Kim Fu, "In This Fantasy"
It’s December 19. Kim Fu, author of The Lost Girls of Camp Forevermore, keeps her head in the clouds.
How would you describe your story?
KIM FU: The story is a series of vignettes, all fantasies of the same character. She fantasizes about becoming a nineteenth-century landlady, encountering a wolf in the woods, being a princess on the day the monarchy is overthrown, and what it’s like to be dead. The vignettes slowly reveal the character at its center.
When did you write it, and how did the writing process compare to your other work?
KF: This story is one of two stories I wrote concurrently between December of 2017 and February of 2018, and I wrote it partially by hand. That’s extremely unusual for me on both fronts—I rarely write that quickly, and I almost never handwrite. But ideas and lines and changes for this story kept coming to me in the strangest places at the strangest times, such that I started to keep a pen and notebook handy. (Luckily, I own approximately ten million unused notebooks.)
What kind of research went into this story?
KF: There’s a section near the middle for which I googled images of wolves and a little bit about wolf behavior, but I’d say the story was most influenced by other works of fiction. Kevin Brockmeier and Sarah Waters were definitely bouncing around in the back of my mind.
What, to you, makes the short story a special form? What can it do that other kinds of writing can't?
KF: My favorite thing to do as an editor and teacher is what I call the “ninja scalpel edit,” where I cut hundreds or even thousands of words from a piece without—hopefully—changing its major beats or essential character. On several occasions, the writer has responded that they couldn’t even tell what was missing, and that’s just the best feeling. I love concision, reduction, whittling down—though it’s obviously harder to practice in my own writing, with my giant ego in the way.
Short stories often contain a whole world, as much as a novel does, but in a fraction of the space. It’s incredible to me that you can, say, read a story from start to finish over lunch, and in that time, entirely inhabit another person and their lifetime of experience. Anthologies can be especially great in this way, allowing you to enter and exit dozens of universes, one after another, in the time it takes to read a book.

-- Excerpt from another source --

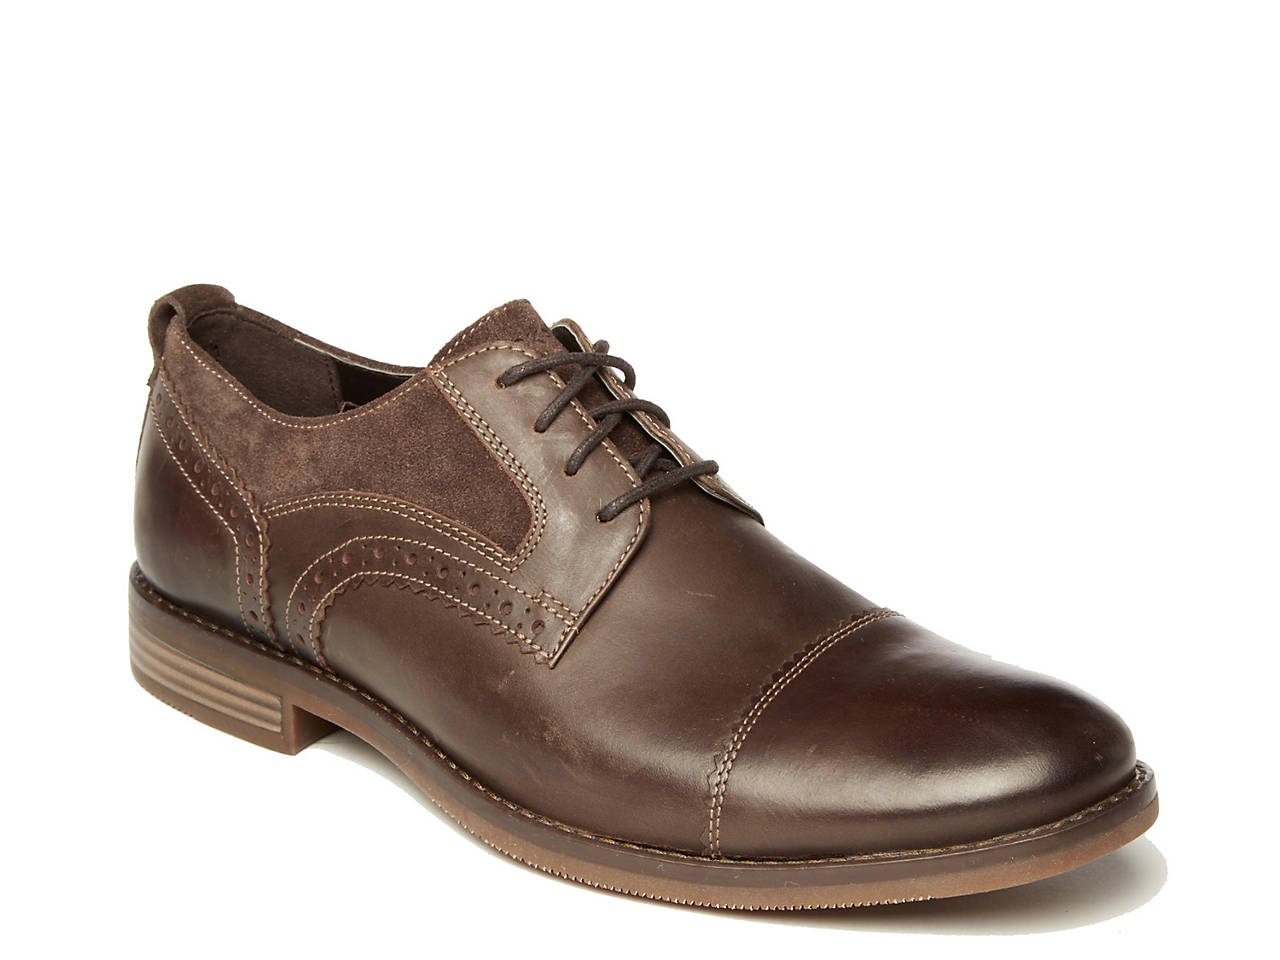 383f8b1211798 Rockport Wynstin Cap Toe Oxford Men's Shoes | DSW

Where should people go to learn more about you and your work?
KF: My website is kim-fu.com. I’m also @skimfu on Twitter and @skim.fu on Instagram. Fair warning: there’re a lot of pictures of my dog.
What's the best gift you've ever been given?
KF: This is going to be painfully sincere; I apologize in advance. My dad passed away in 2011. He was the one who cooked all our meals growing up, and when I miss him, I often think about his cooking, and how no will never ever feed me again the way he did, as knowingly, as matter-of-factly, without expectation—just a pure expression of love. Before he died, he planted an apple-pear (also called an Asian pear) tree. I didn’t know about it until very recently, when it started to bear fruit. When my mom and I ate them, it felt like he was feeding us one more time, a gift from the other side.